Darby & Darby saw an opportunity to transform the probate process by creating a world-first legal IT software solution that enabled families to lead the probate process themselves, with the option to draw upon the support of an expert solicitor when needed. Darby & Darby, recognising the need for computer science expertise, partnered with the University of Exeter to bring their vision to life. This successful collaboration led to funding from Innovate UK for the Knowledge Transfer Partnership (KTP). 

During the KTP, Associate Thomas Harrison worked alongside Professor Edward Keedwell and Dr Fabrizio Costa from the University of Exeter's Computer Science department to innovate a traditional legal process by injecting AI and data expertise. The resulting system is sector-leading and has been described by the Solicitors Regulation Authority's Technology Lead as the first end-to-end consumer-facing solution they have seen.

"The path I have been on, taking an idea from a simple desire for change to a commercial reality, may never have got past the idea phase without our KTP."

Ben Darby, Managing Partner at Darby & Darby

For Darby & Darby, this has increased the scale of the support they can offer by allowing them to help more clients and also by working with clients remotely who would otherwise be unable to travel to one of the firm's Devon offices. 

Ben Darby, Managing Partner at Darby & Darby, said, "I contacted the University of Exeter after learning about KTPs at an IT conference. My initial contact with the KTP team at the University swiftly developed into engaging with academic partners, which grew into a partnership with the Computer Sciences department.  Working collaboratively and drawing on the University's experience in grant applications, we scoped and formulated a project plan. One successful funding application later, we successfully recruited our associate, and work began."

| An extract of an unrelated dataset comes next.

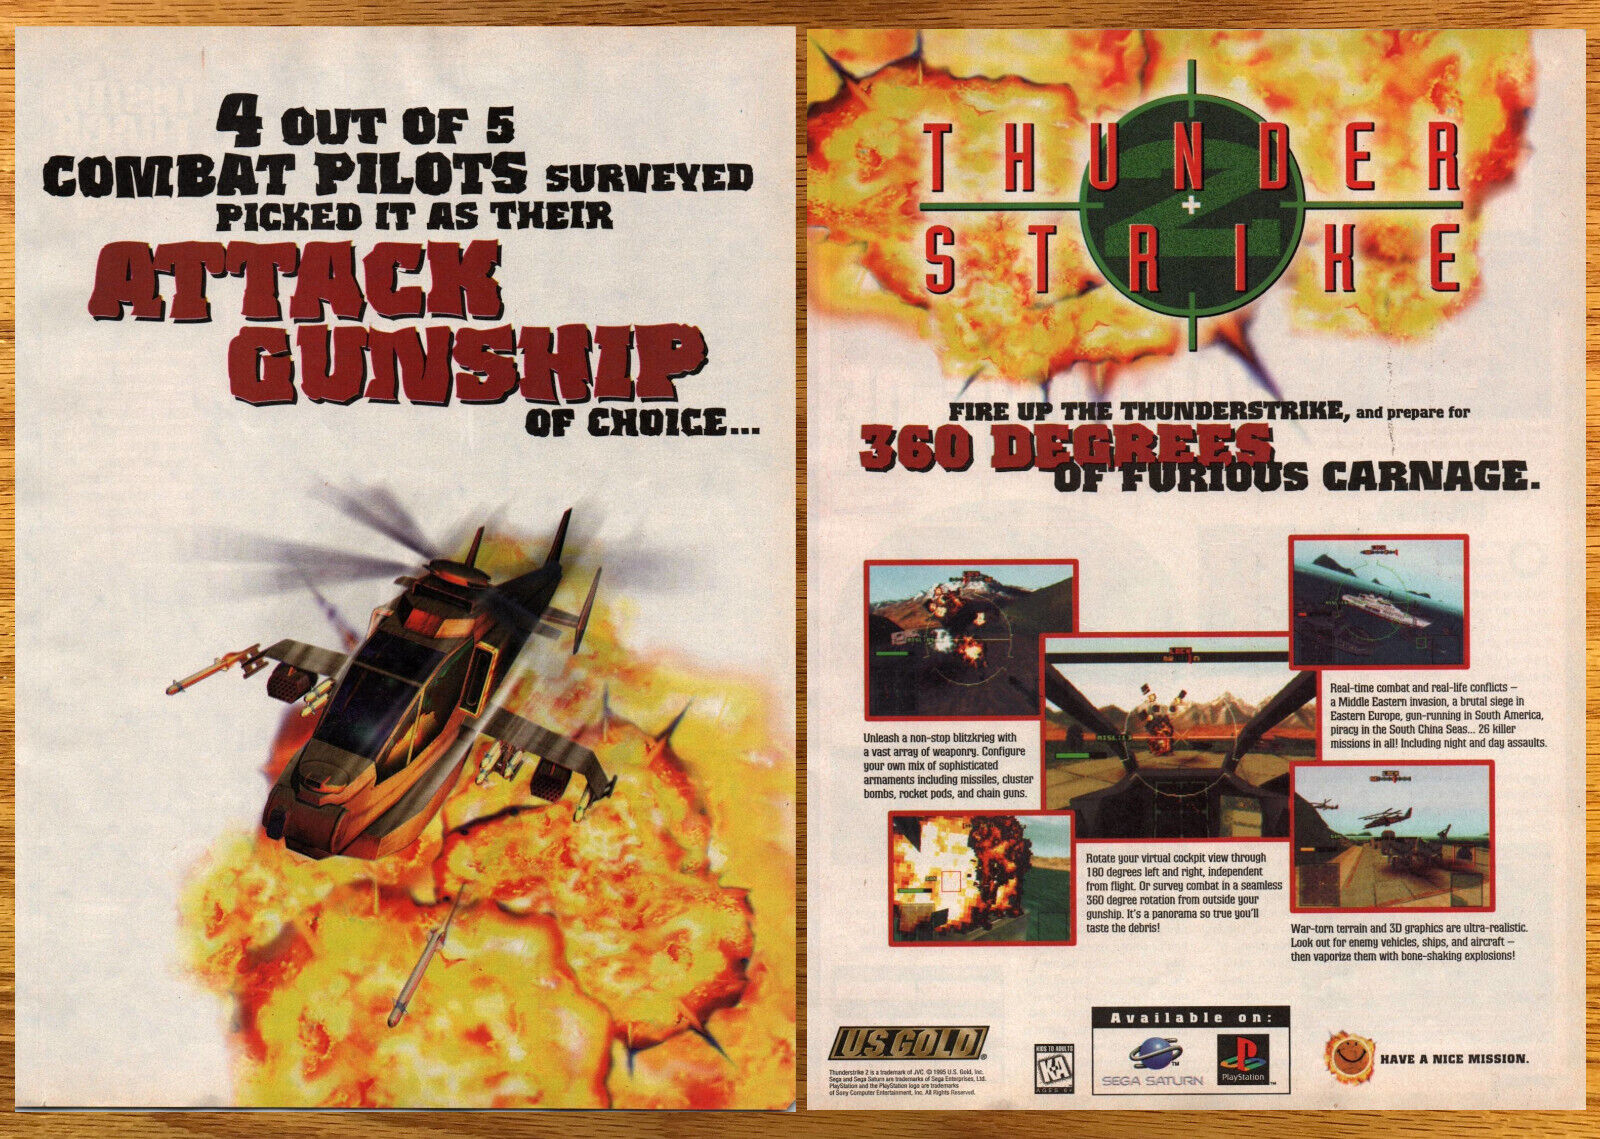 Thunder Strike II Atack Gunship - 2 Page Video Game Print Ad / Poster Art 1996

Darby & Darby are continuing to develop the software as a stand-alone service offering:  "Looking back now, four years on from my initial enquiry, I have gone on to secure further government funding to commercialise the output of our KTP alongside private investment.  We are on the verge of launching our first digital legal services solution into the market. The path I have been on, taking an idea from a simple desire for change to a commercial reality, may never have got past the idea phase without our KTP."